Start to finish, return the listing below exactly, pictures excluded.

── SUPPLIED INFORMATION ──

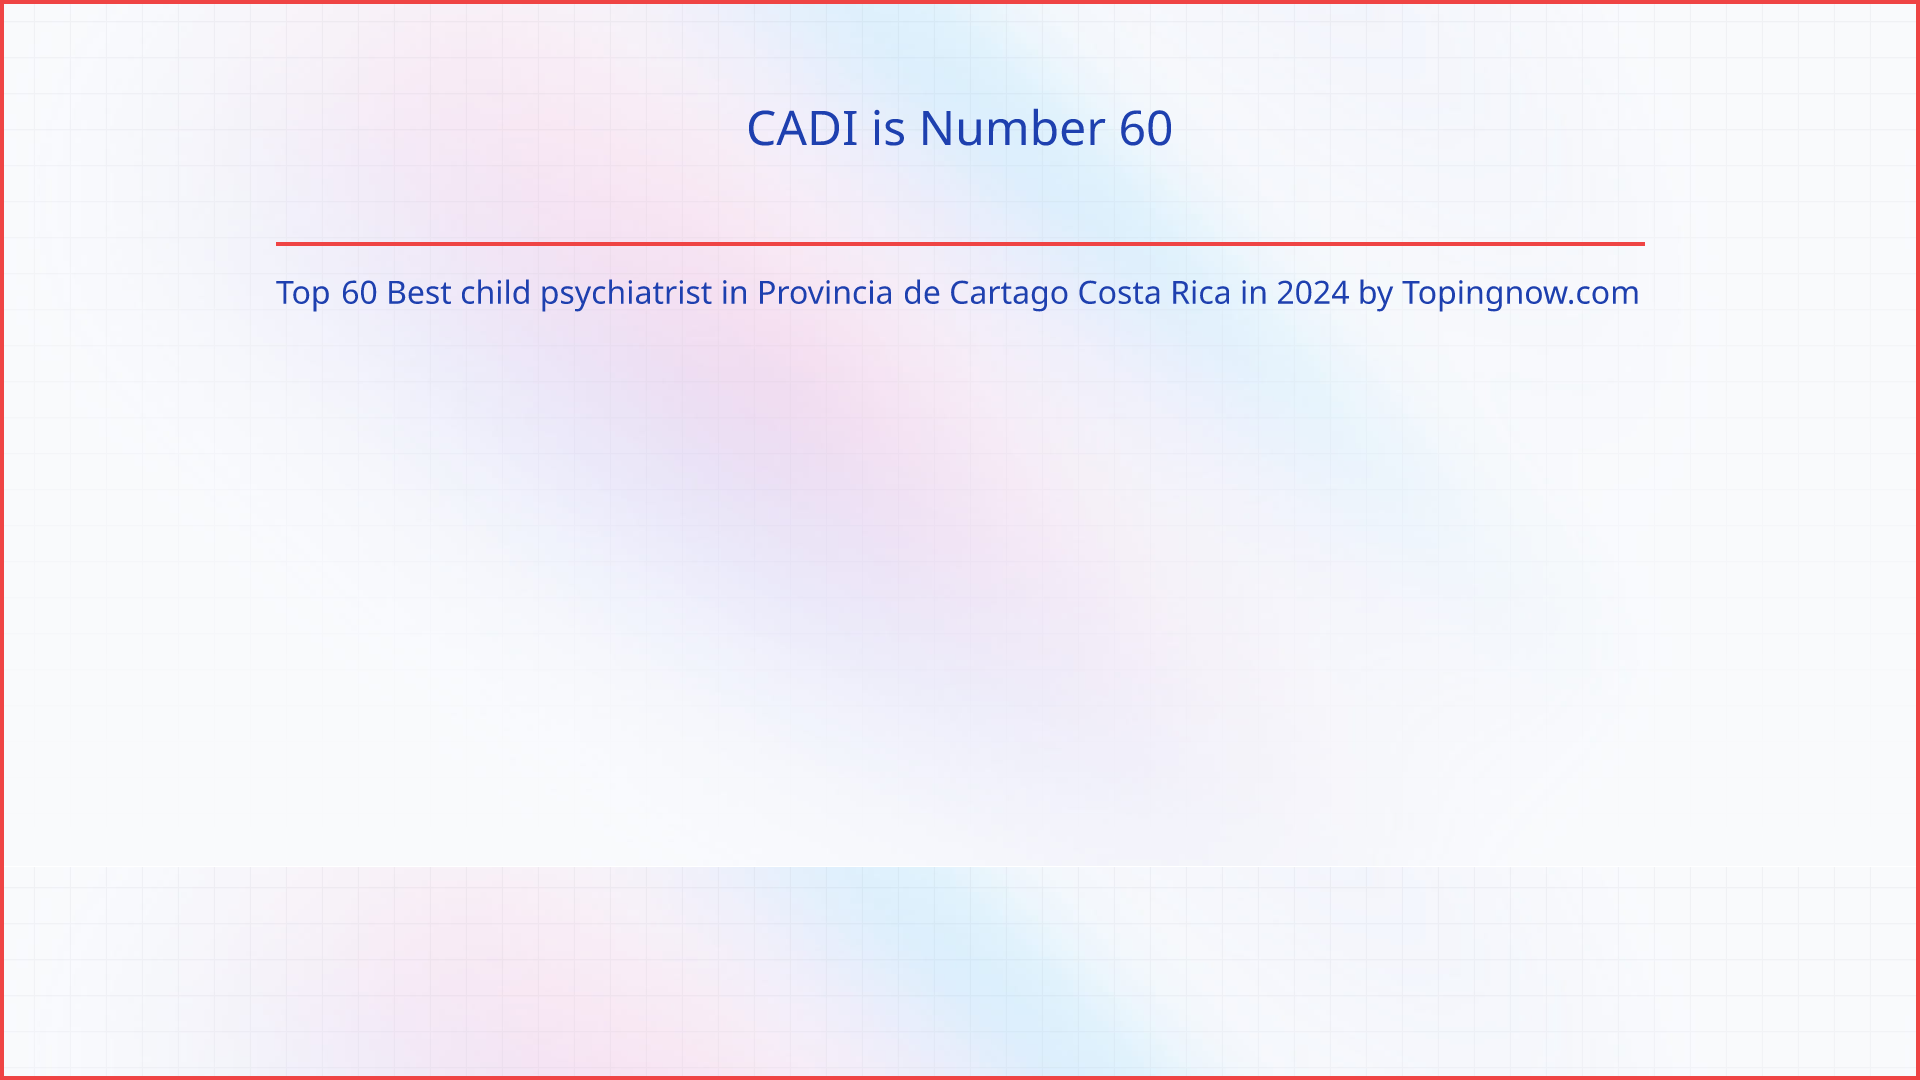 CADI: Top 60 Best child psychiatrist in Provincia de Cartago Costa Rica in 2024
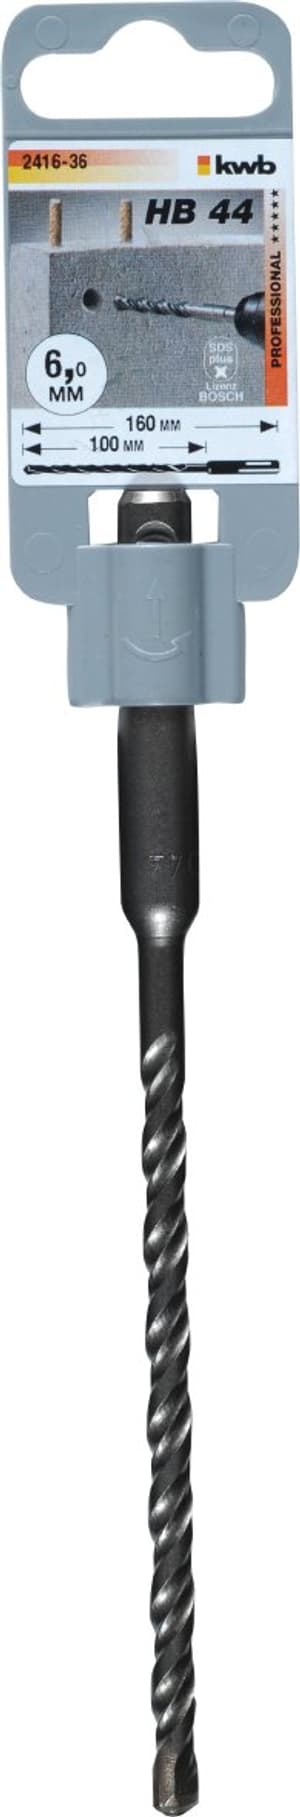 HB 44 SDS plus Punte per martello, 160/100 mm, ø 6 mm
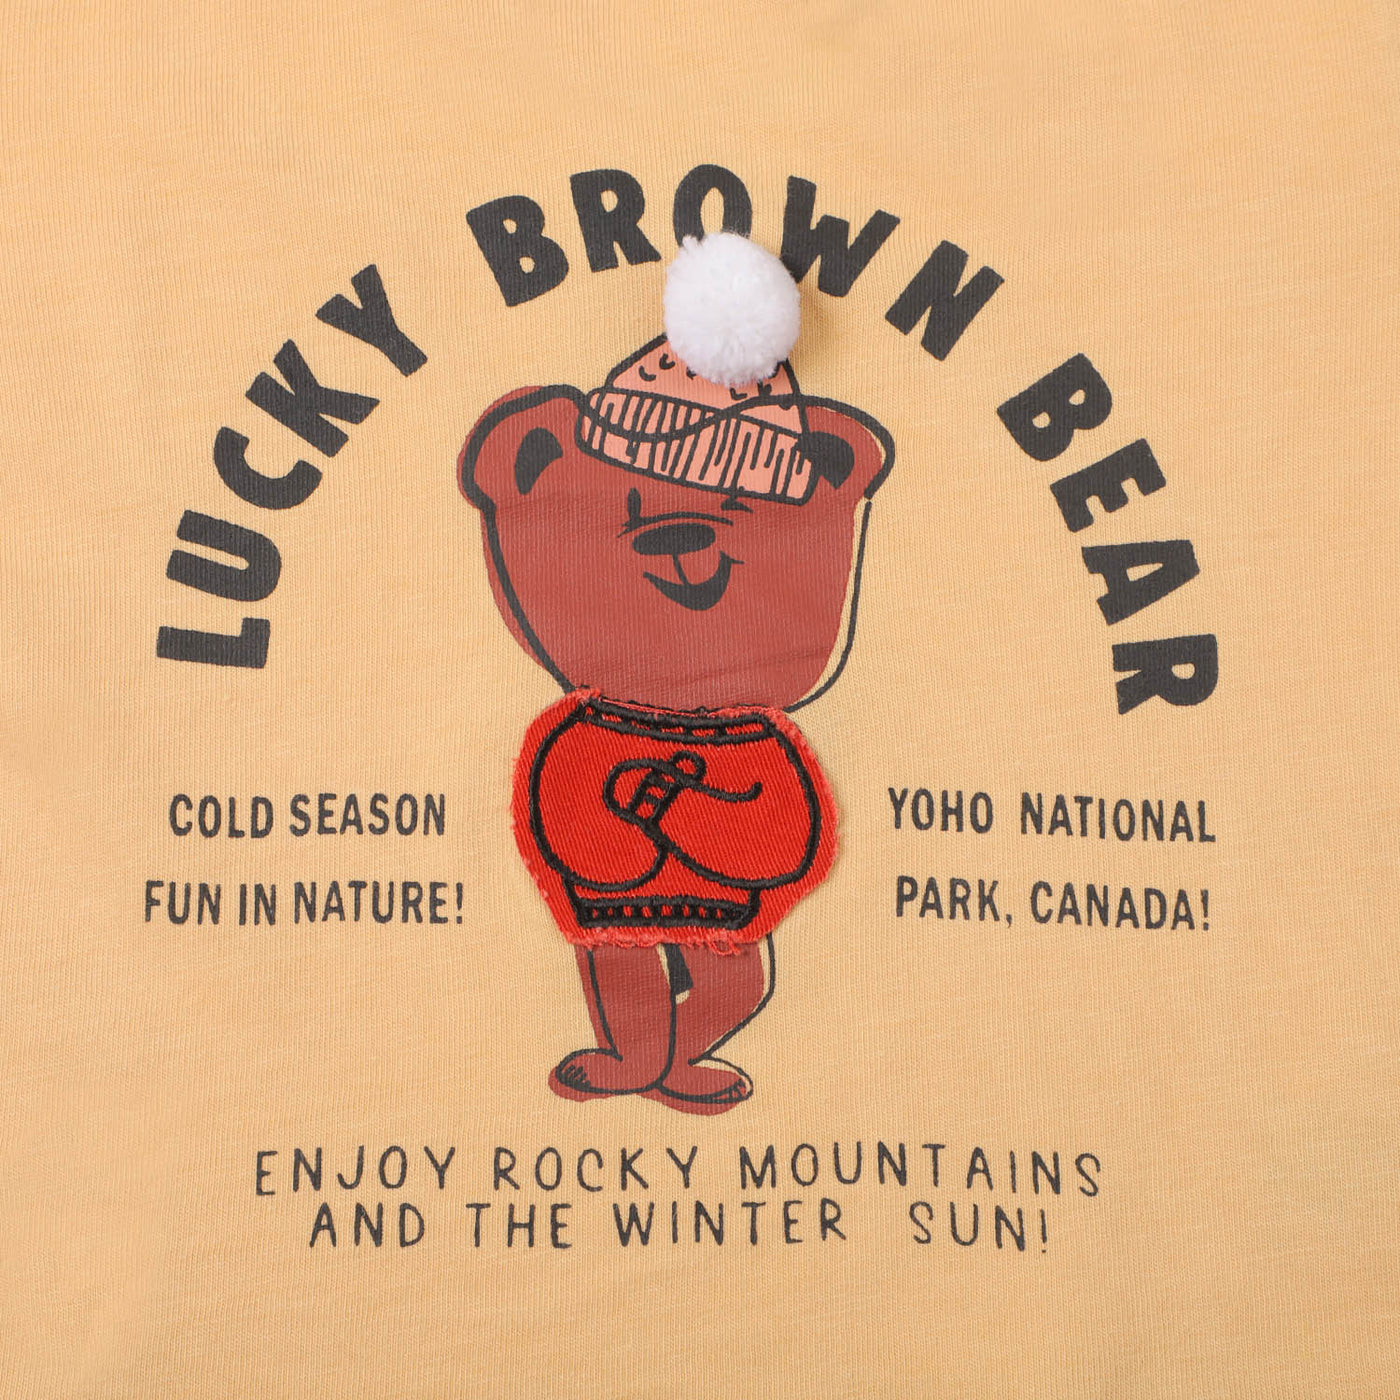 Infant Boys T-Shirt Brown Bear - Beige

───

RESULT FOR THIS EXERCISE:
 CADI: Top 60 Best child psychiatrist in Provincia de Cartago Costa Rica in 2024
 HB 44 SDS plus Punte per martello, 160/100 mm, ø 6 mm
 Infant Boys T-Shirt Brown Bear - Beige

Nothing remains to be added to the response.